● What the task requires
Word for word, transcribe the data below from the line with "Iron man 2 war machine wallpaper" to the line with "Lindo - Unbreakable - Irie Pen Records", keeping both of those lines.

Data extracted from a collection
*** Begin section ***
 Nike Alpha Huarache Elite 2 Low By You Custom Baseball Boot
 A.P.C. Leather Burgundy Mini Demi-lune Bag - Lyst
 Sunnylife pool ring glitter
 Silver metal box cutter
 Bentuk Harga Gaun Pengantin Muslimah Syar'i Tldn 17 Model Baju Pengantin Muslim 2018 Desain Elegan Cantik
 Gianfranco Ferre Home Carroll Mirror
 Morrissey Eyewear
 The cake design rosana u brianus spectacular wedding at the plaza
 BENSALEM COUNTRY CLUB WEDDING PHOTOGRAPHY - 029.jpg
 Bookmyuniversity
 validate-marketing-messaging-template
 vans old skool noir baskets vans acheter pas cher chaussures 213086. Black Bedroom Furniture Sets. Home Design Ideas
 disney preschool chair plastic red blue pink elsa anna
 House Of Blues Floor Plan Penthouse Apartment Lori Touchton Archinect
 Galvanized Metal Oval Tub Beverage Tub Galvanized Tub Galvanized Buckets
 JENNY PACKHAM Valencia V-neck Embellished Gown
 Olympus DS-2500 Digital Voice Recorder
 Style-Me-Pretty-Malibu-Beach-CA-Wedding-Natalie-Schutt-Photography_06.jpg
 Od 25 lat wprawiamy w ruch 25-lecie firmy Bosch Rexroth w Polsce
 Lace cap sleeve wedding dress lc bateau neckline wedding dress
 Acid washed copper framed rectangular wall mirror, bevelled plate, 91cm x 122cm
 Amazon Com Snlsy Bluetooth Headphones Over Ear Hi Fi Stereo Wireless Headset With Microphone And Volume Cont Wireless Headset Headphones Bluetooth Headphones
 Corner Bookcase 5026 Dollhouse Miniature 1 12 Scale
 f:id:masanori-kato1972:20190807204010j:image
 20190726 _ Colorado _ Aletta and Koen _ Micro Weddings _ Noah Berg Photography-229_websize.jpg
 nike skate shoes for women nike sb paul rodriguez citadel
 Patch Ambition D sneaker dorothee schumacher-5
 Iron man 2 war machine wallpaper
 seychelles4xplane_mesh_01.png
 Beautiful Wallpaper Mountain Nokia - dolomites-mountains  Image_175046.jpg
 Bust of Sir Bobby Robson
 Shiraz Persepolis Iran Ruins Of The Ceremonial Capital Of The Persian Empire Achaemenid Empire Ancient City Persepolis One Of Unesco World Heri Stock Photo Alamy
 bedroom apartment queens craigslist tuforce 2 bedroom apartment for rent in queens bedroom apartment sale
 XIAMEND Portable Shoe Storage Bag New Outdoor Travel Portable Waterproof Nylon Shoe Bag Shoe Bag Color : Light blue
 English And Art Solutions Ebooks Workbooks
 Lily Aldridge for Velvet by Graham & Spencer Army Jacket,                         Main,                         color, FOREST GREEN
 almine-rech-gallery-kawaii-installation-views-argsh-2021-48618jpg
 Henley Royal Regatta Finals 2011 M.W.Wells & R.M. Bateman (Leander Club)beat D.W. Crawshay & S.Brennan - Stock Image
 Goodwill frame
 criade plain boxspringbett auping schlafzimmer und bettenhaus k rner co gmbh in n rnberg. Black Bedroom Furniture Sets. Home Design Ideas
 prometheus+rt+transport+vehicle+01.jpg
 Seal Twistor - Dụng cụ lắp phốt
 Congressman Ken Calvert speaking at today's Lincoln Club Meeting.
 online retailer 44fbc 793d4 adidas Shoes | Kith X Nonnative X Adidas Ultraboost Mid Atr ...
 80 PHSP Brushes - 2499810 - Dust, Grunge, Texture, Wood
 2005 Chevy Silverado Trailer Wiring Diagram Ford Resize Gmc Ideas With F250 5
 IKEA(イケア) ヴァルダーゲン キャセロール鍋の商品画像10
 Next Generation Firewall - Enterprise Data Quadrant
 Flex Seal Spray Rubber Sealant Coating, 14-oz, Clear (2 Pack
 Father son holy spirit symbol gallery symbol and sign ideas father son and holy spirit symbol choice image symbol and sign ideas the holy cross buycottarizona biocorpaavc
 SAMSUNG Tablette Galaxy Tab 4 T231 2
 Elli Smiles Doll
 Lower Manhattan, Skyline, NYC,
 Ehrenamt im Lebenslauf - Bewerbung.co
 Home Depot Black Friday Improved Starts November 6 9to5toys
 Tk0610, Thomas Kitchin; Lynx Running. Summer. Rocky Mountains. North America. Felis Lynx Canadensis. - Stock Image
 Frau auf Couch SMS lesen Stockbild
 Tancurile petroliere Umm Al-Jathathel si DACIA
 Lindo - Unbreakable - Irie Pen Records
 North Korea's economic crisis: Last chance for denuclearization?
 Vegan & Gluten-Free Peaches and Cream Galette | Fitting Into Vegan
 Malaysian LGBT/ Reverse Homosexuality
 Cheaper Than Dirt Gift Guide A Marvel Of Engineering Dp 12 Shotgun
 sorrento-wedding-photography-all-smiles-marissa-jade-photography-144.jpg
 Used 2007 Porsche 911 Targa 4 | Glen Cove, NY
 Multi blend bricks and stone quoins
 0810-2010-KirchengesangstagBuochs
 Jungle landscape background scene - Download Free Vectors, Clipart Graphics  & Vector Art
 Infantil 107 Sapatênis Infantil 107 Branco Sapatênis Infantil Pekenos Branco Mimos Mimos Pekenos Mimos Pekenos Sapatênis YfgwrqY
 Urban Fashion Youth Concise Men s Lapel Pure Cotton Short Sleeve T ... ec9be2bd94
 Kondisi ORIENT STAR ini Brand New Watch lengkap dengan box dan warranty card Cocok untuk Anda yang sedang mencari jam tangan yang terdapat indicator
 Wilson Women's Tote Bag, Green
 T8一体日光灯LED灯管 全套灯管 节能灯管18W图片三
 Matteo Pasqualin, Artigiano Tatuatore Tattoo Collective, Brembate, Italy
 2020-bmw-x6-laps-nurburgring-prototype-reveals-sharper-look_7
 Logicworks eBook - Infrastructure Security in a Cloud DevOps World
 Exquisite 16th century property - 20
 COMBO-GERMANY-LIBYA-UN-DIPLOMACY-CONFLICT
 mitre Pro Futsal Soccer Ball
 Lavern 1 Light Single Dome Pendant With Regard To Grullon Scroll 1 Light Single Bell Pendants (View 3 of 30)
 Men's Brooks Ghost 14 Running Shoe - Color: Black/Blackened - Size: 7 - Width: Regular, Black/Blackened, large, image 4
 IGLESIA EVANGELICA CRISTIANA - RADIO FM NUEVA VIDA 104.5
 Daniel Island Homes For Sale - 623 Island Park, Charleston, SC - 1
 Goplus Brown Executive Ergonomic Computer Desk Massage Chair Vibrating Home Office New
*** End section ***
● Task result
 Iron man 2 war machine wallpaper
 seychelles4xplane_mesh_01.png
 Beautiful Wallpaper Mountain Nokia - dolomites-mountains  Image_175046.jpg
 Bust of Sir Bobby Robson
 Shiraz Persepolis Iran Ruins Of The Ceremonial Capital Of The Persian Empire Achaemenid Empire Ancient City Persepolis One Of Unesco World Heri Stock Photo Alamy
 bedroom apartment queens craigslist tuforce 2 bedroom apartment for rent in queens bedroom apartment sale
 XIAMEND Portable Shoe Storage Bag New Outdoor Travel Portable Waterproof Nylon Shoe Bag Shoe Bag Color : Light blue
 English And Art Solutions Ebooks Workbooks
 Lily Aldridge for Velvet by Graham & Spencer Army Jacket,                         Main,                         color, FOREST GREEN
 almine-rech-gallery-kawaii-installation-views-argsh-2021-48618jpg
 Henley Royal Regatta Finals 2011 M.W.Wells & R.M. Bateman (Leander Club)beat D.W. Crawshay & S.Brennan - Stock Image
 Goodwill frame
 criade plain boxspringbett auping schlafzimmer und bettenhaus k rner co gmbh in n rnberg. Black Bedroom Furniture Sets. Home Design Ideas
 prometheus+rt+transport+vehicle+01.jpg
 Seal Twistor - Dụng cụ lắp phốt
 Congressman Ken Calvert speaking at today's Lincoln Club Meeting.
 online retailer 44fbc 793d4 adidas Shoes | Kith X Nonnative X Adidas Ultraboost Mid Atr ...
 80 PHSP Brushes - 2499810 - Dust, Grunge, Texture, Wood
 2005 Chevy Silverado Trailer Wiring Diagram Ford Resize Gmc Ideas With F250 5
 IKEA(イケア) ヴァルダーゲン キャセロール鍋の商品画像10
 Next Generation Firewall - Enterprise Data Quadrant
 Flex Seal Spray Rubber Sealant Coating, 14-oz, Clear (2 Pack
 Father son holy spirit symbol gallery symbol and sign ideas father son and holy spirit symbol choice image symbol and sign ideas the holy cross buycottarizona biocorpaavc
 SAMSUNG Tablette Galaxy Tab 4 T231 2
 Elli Smiles Doll
 Lower Manhattan, Skyline, NYC,
 Ehrenamt im Lebenslauf - Bewerbung.co
 Home Depot Black Friday Improved Starts November 6 9to5toys
 Tk0610, Thomas Kitchin; Lynx Running. Summer. Rocky Mountains. North America. Felis Lynx Canadensis. - Stock Image
 Frau auf Couch SMS lesen Stockbild
 Tancurile petroliere Umm Al-Jathathel si DACIA
 Lindo - Unbreakable - Irie Pen Records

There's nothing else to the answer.